03. Overplotting, Transparency, and Jitter

L4 031 Overplotting Transparency And Jitter 1 V4


Data Vis L4 C03 V1


Overplotting, Transparency, and Jitter

If we have a very large number of points to plot or our numeric variables are discrete-valued, then it is possible that using a scatterplot straightforwardly will not be informative. The visualization will suffer from overplotting, where the high amount of overlap in points makes it difficult to see the actual relationship between the plotted variables.
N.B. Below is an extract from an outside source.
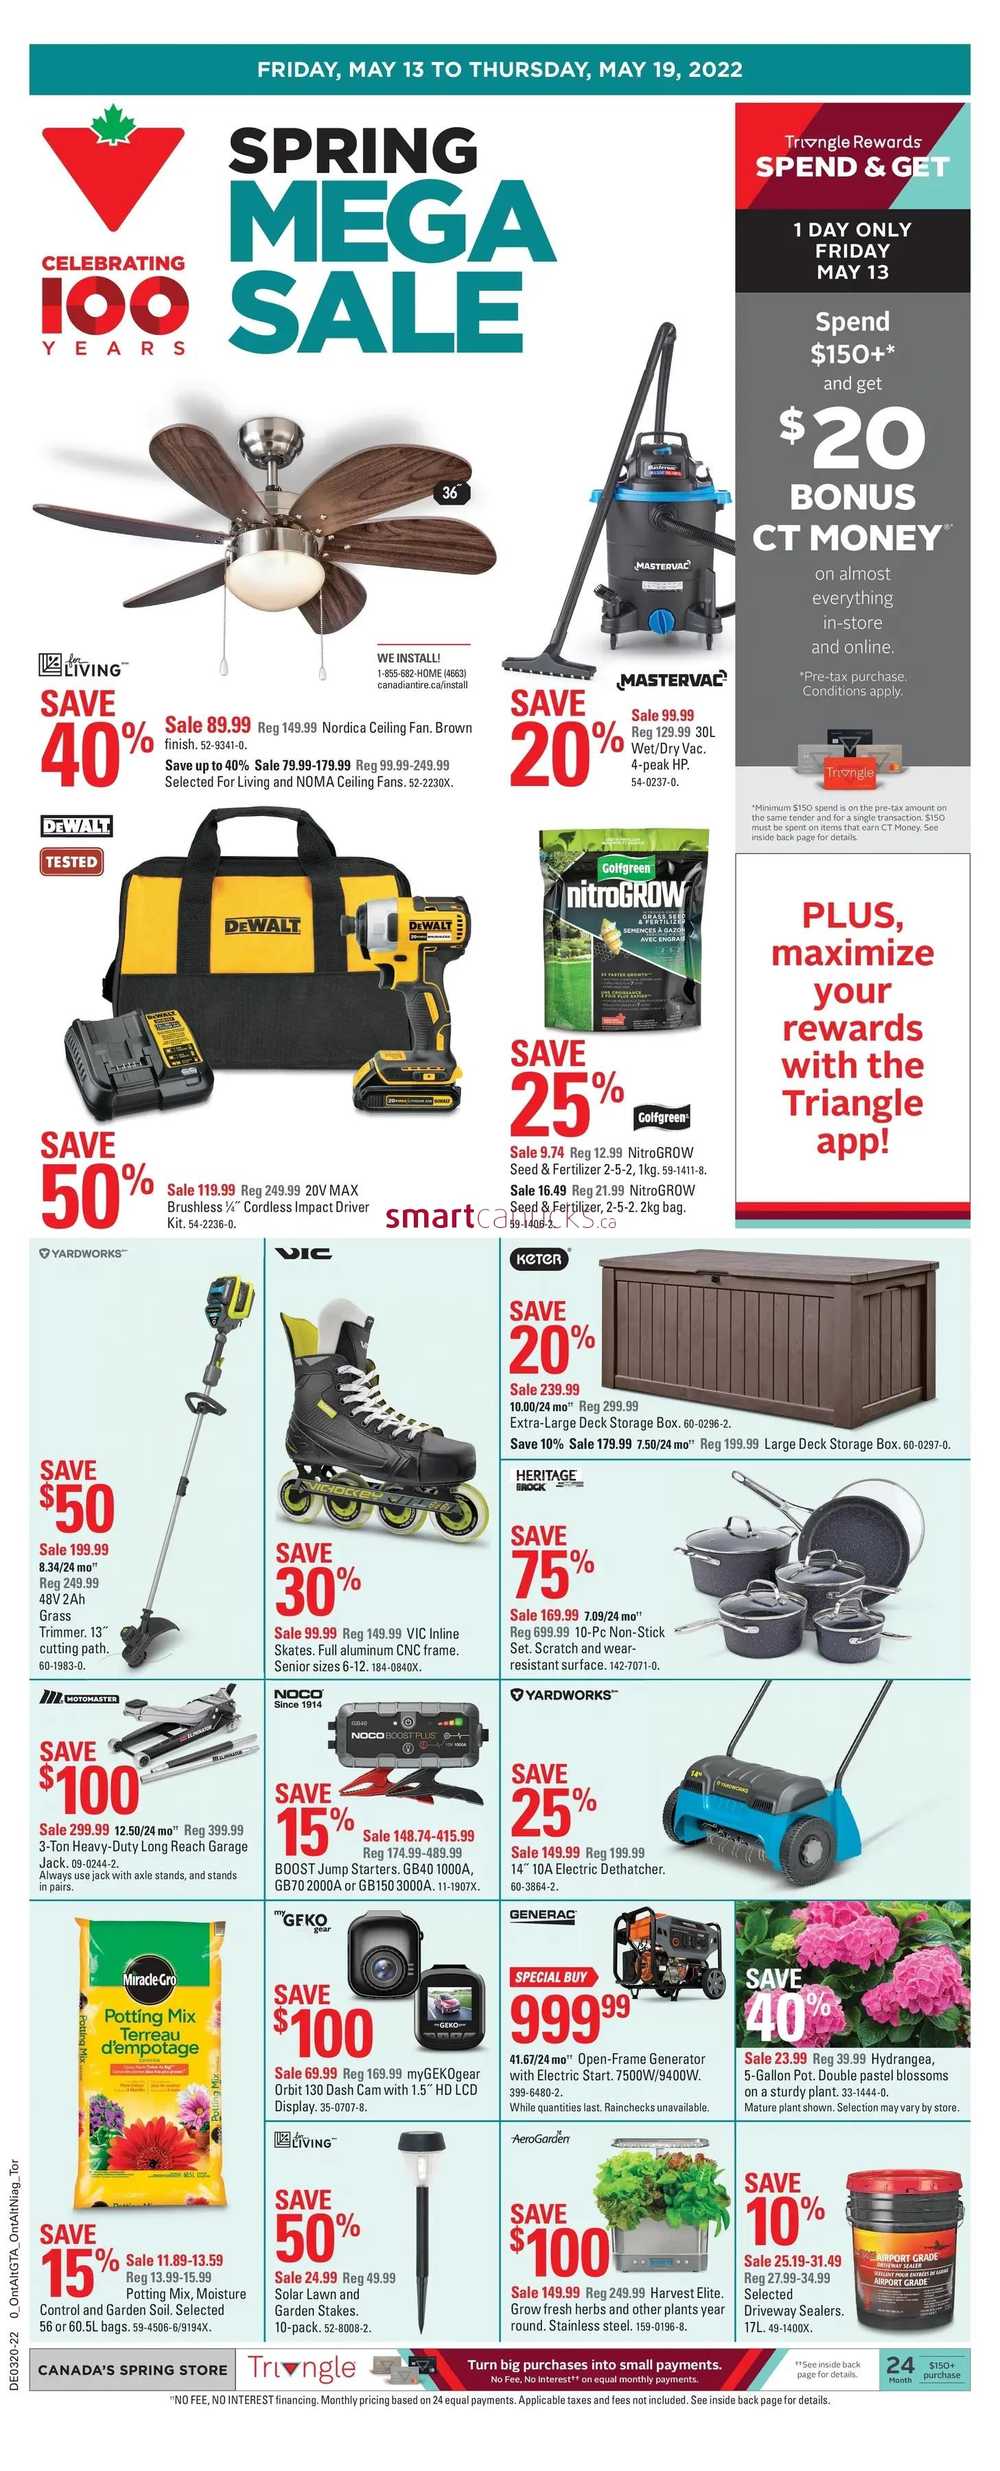 Canadian Tire Discount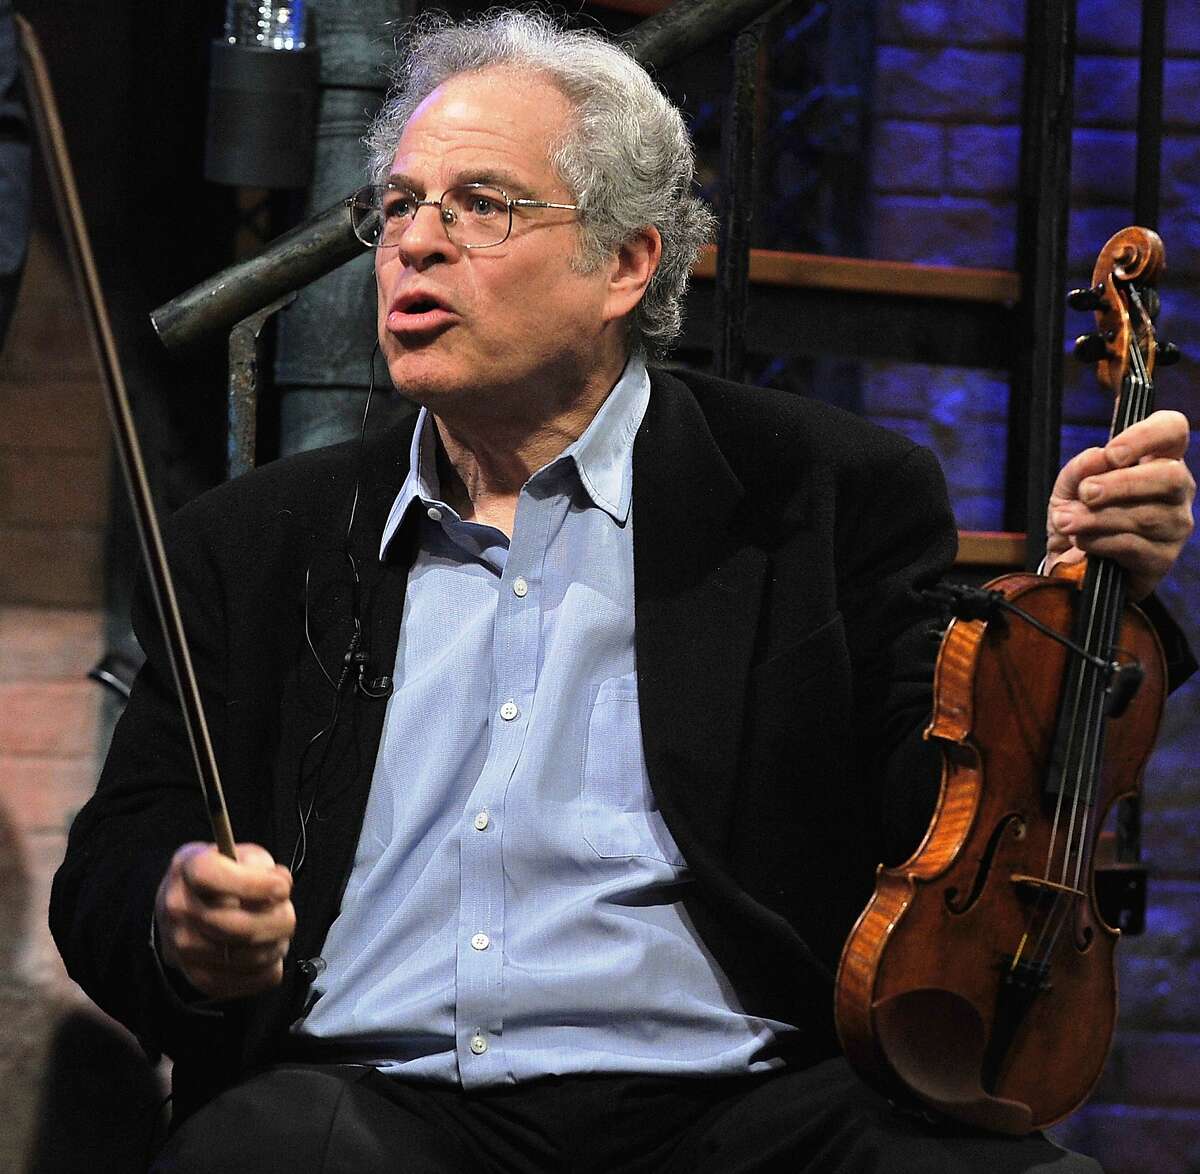 Violinist Itzhak Perlman visits "Late Night with Jimmy Fallon" at Rockefeller Center on February 25, 2011 in New York City.

Let's see an example below for each Jitter to move the position of each point slightly from its true value. Jitter is not a direct option in matplotlib's scatter() function, but is a built-in option with seaborn's regplot() function. The x- and y- jitter can be added independently, and won't affect the fit of any regression function, if made.

Example 1. Jitter - Randomly add/subtract a small value to each data point

# TO DO: Necessary import

# Read the CSV file
fuel_econ = pd.read_csv('fuel_econ.csv')
fuel_econ.head(10)

##########################################
# Resize figure to accommodate two plots
plt.figure(figsize = [20, 5])

# PLOT ON LEFT - SIMPLE SCATTER
plt.subplot(1, 2, 1)
sb.regplot(data = fuel_econ, x = 'year', y = 'comb', truncate=False);

##########################################
# PLOT ON RIGHT - SCATTER PLOT WITH JITTER
plt.subplot(1, 2, 2)

# In the sb.regplot() function below, the `truncate` argument accepts a boolean.
# If truncate=True, the regression line is bounded by the data limits. 
# Else if truncate=False, it extends to the x axis limits.
# The x_jitter will make each x value will be adjusted randomly by +/-0.3
sb.regplot(data = fuel_econ, x = 'year', y = 'comb', truncate=False, x_jitter=0.3);

The scatter plot on left showing a simple scatter plot, while the right one presents with jitter.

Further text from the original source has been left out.